The first one was the easier, as we had to define the specification of a FIFO compiler, the compiler itself being a full custom design, at transistor level, would be subcontracted by VLSI Technology. We just took a pen and a paper and defined the memory point, transistor by transistor, and the FIFO behavior… in written. No simulations (SPICE was not part of our EDA package), just discussion with Michel Gigluielmetti, our interface at VLSI. VLSI was in charge of the compiler design and model generation, as we had to be able starting to design and integrate FIFO far away before seeing any working Silicon. When I look back, it was pretty risky, isn’t it?

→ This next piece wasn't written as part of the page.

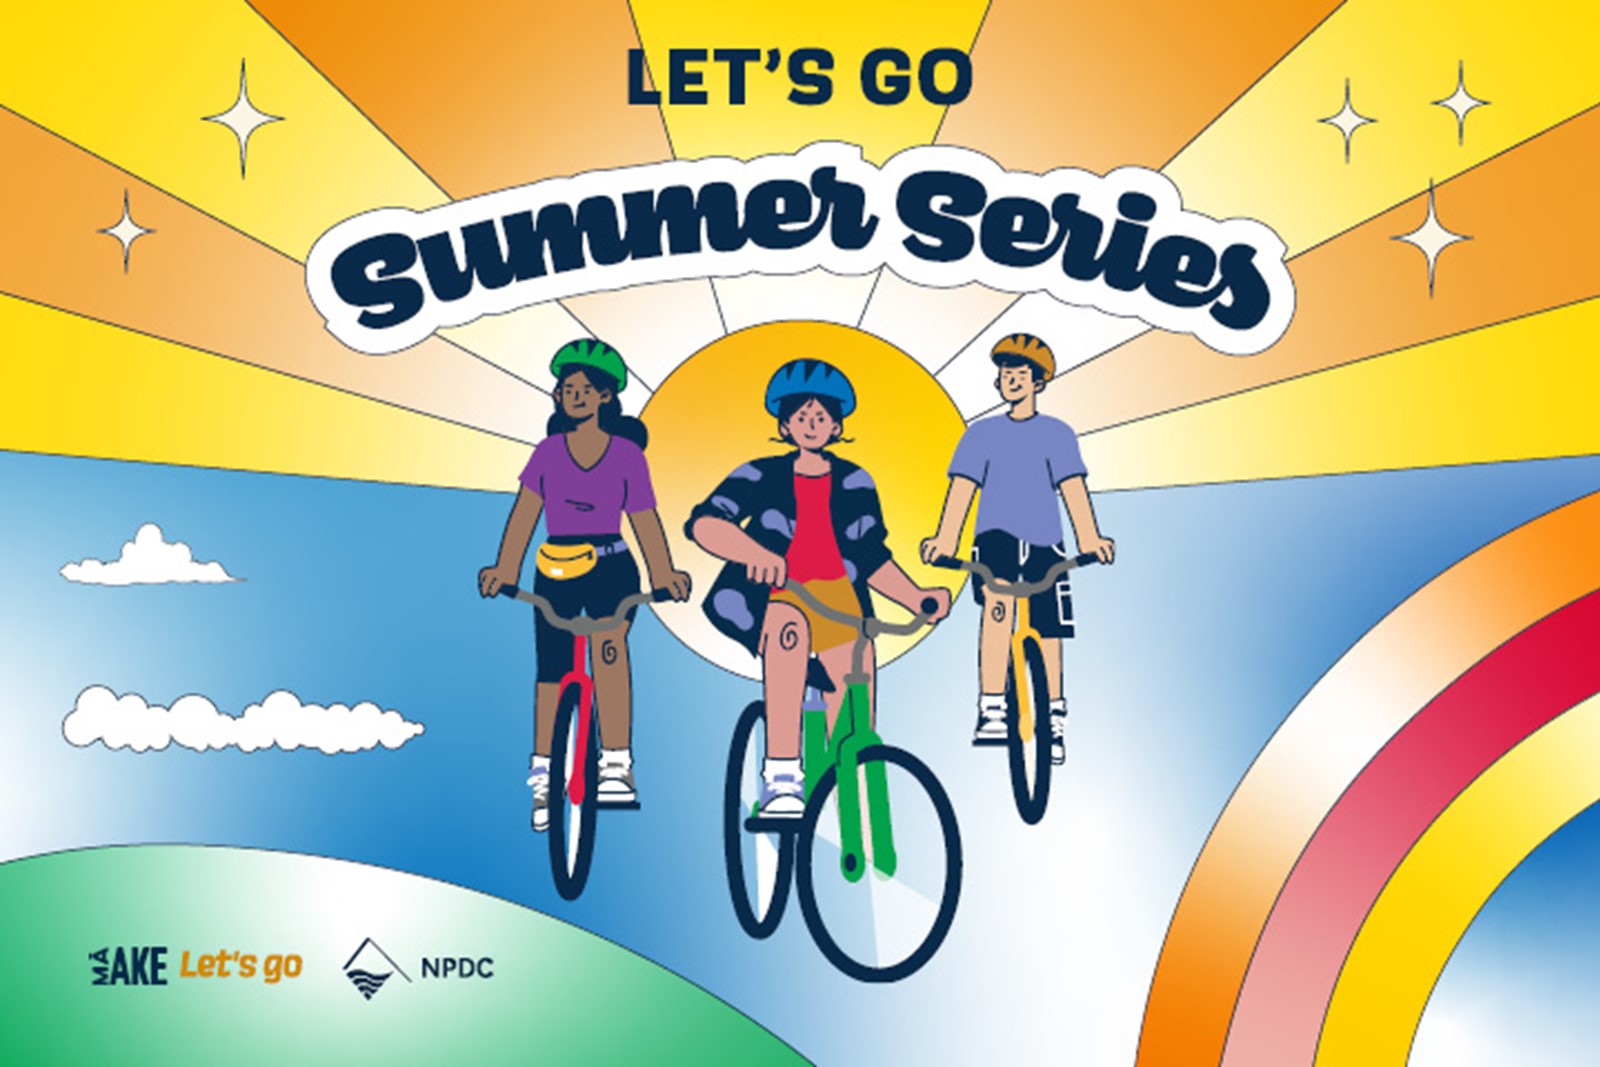 Let's Go Summer Series Bike Bash web tile.

The Test Strategy was based on the newly introduced JTAG IEEE 1149.1 for « Standard Test Access Port and Boundary-Scan Architecture », this part was not that difficult, as everything was defined in the standard.
Then, we looked at the Clock distribution. Remember, it was in 1987, there was no Clock Distribution Macro” that we could use. The Clock was a magic signal, running at 20 MHz (such a high speed!), that designers were using to run their simulations, a perfect signal with no skew… How to manage the clock distribution in a chip counting 2 or 3,000 Flip Flops? Starting inside the chip, we then thought about the inter chip communications, and drop a couple of equations… and discovered that we had a real issue here! How will the entire system works, with chips communicating from board to board which could be located at one meter from each other? What about the fly time within interconnect? And so on… The most surprising is that we (two beginners) discover this issue, and that none of the seasoned engineers working at a higher management level did not even thought about it!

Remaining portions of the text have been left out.